Any breach or threatened breach of one of the foregoing protective covenants by you is reasonably
likely to result in irreparable injury to Alere, and therefore, in addition to all remedies
provided at law or in equity, you agree that Alere shall be entitled to a temporary restraining
order and a permanent injunction to prevent a breach or contemplated breach of the foregoing
protective covenants. If Alere seeks an injunction, you waive any requirement that Alere post a
bond or any other security.
It is the desire and intent of you and Alere that the provisions of this letter be enforced to the
fullest extent permissible. Accordingly, if any particular paragraph(s), subparagraph(s) or
portion(s) of this letter are adjudicated to be invalid or unenforceable as written, such
paragraph(s), subparagraph(s) or portion(s) will be modified to the extent necessary to be valid or
enforceable. Such modification will not affect the remaining provisions of this letter. To the
extent any paragraph(s), subparagraph(s) or portion(s) of this letter found invalid or
unenforceable cannot be modified to be made valid or enforceable, then the letter will be construed
as if that paragraph(s), subparagraph(s) or portion(s) was deleted, and all remaining terms and
provisions will be enforceable in law or equity in accordance with their terms. Notwithstanding
the foregoing, Alere’s obligation to pay you the stay bonus according to the schedule set forth
above is not severable from the restrictive covenants in this letter. Accordingly, if one or more
of the restrictive covenants is determined to be unenforceable by a court of competent
jurisdiction, Alere’s obligation to pay you any portion of the stay bonus not already paid to you
will forever terminate.
This letter has been entered into under and shall be governed by the laws of the State of Georgia.

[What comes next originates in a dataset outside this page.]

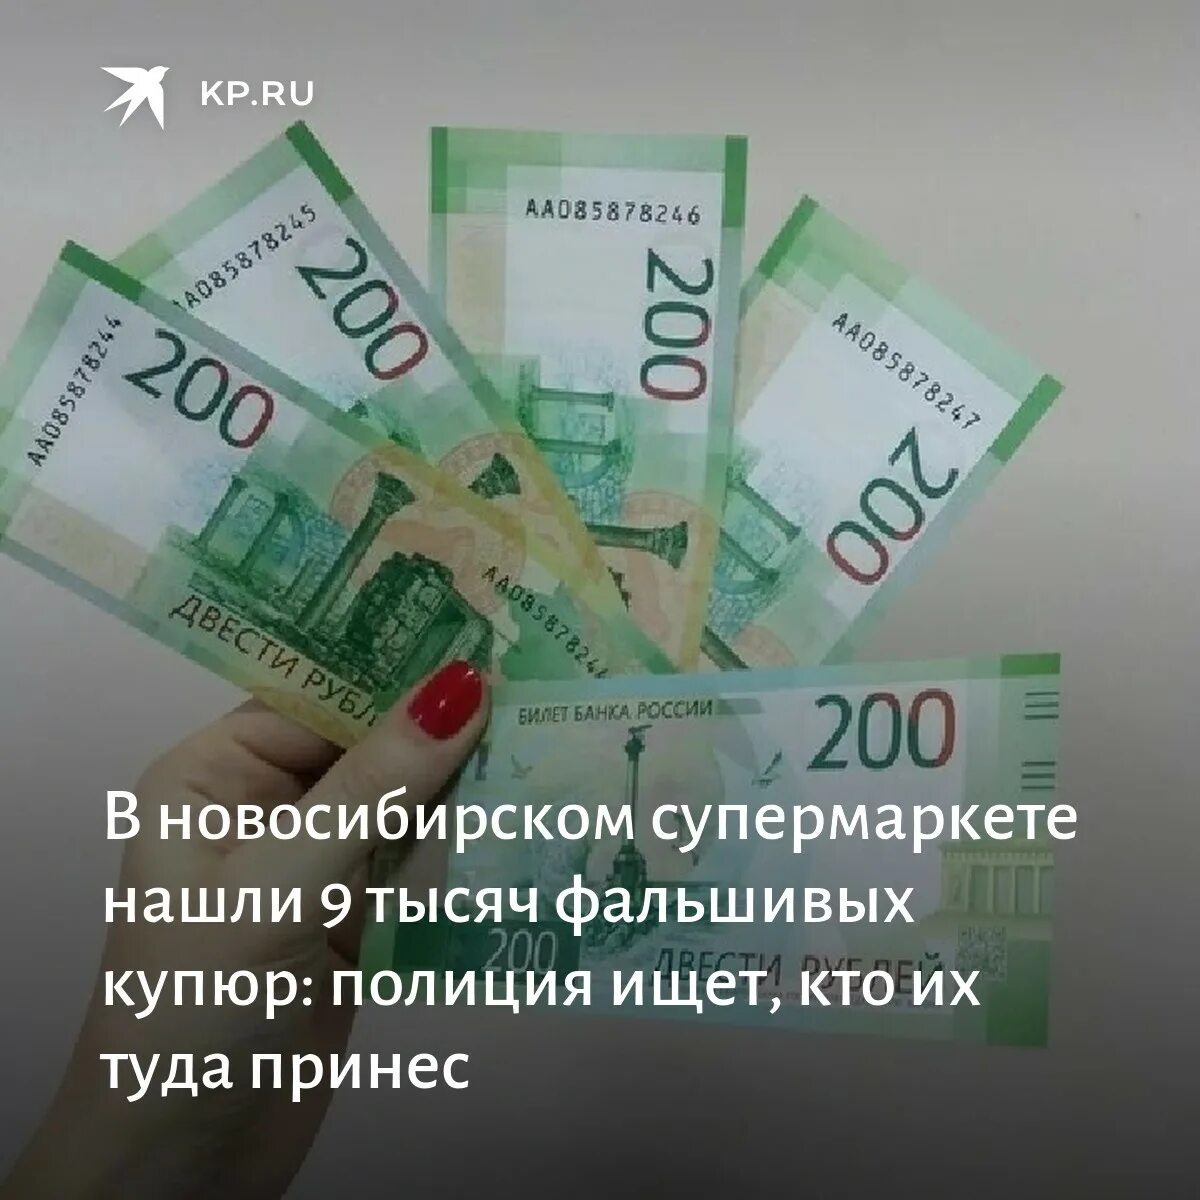 15 тыс 9 1 тыс. 9 Тысяч рублей. Девять тысяч. 9 Тысяч рублей в банке. Фальшивые купюры Новосибирск осуждены.

You and Alere agree that the Superior Court of Xxxx County, Georgia will be the sole and exclusive
jurisdiction and venue for all disputes between us under this letter. You hereby irrevocably
consent to the jurisdiction and venue of the Superior Court of Xxxx County, Georgia for
adjudication of all disputes between us under this letter and/or otherwise related to our
relationship. You hereby waive any objections or defenses to jurisdiction or venue in any such
proceeding before such court.
[Signatures on following page]
Please indicate your acceptance of the foregoing by signing and dating one copy of this letter and
returning it to me at your earliest convenience. I am looking forward to your continued
contribution and participation in the exciting opportunities at Alere.
Sincerely,
Xxx Xxxxxx
Chief Executive Officer
Chief Executive Officer
I hereby accept and agree to the above offer subject to the conditions set out above.
/s/ Xxxxxx X. Xxxxxxxxx
Xxxxxx X. Xxxxxxxxx
11/19/09
Date
EXHIBIT A
RELEASE AGREEMENT
EXHIBIT B
DESCRIPTION OF SERVICES
As President of the Technology Services Division of Alere you are responsible for managing and
supporting the Company’s technology initiatives, strategies and operations for the Business
throughout the 48 contiguous states of the continental United States.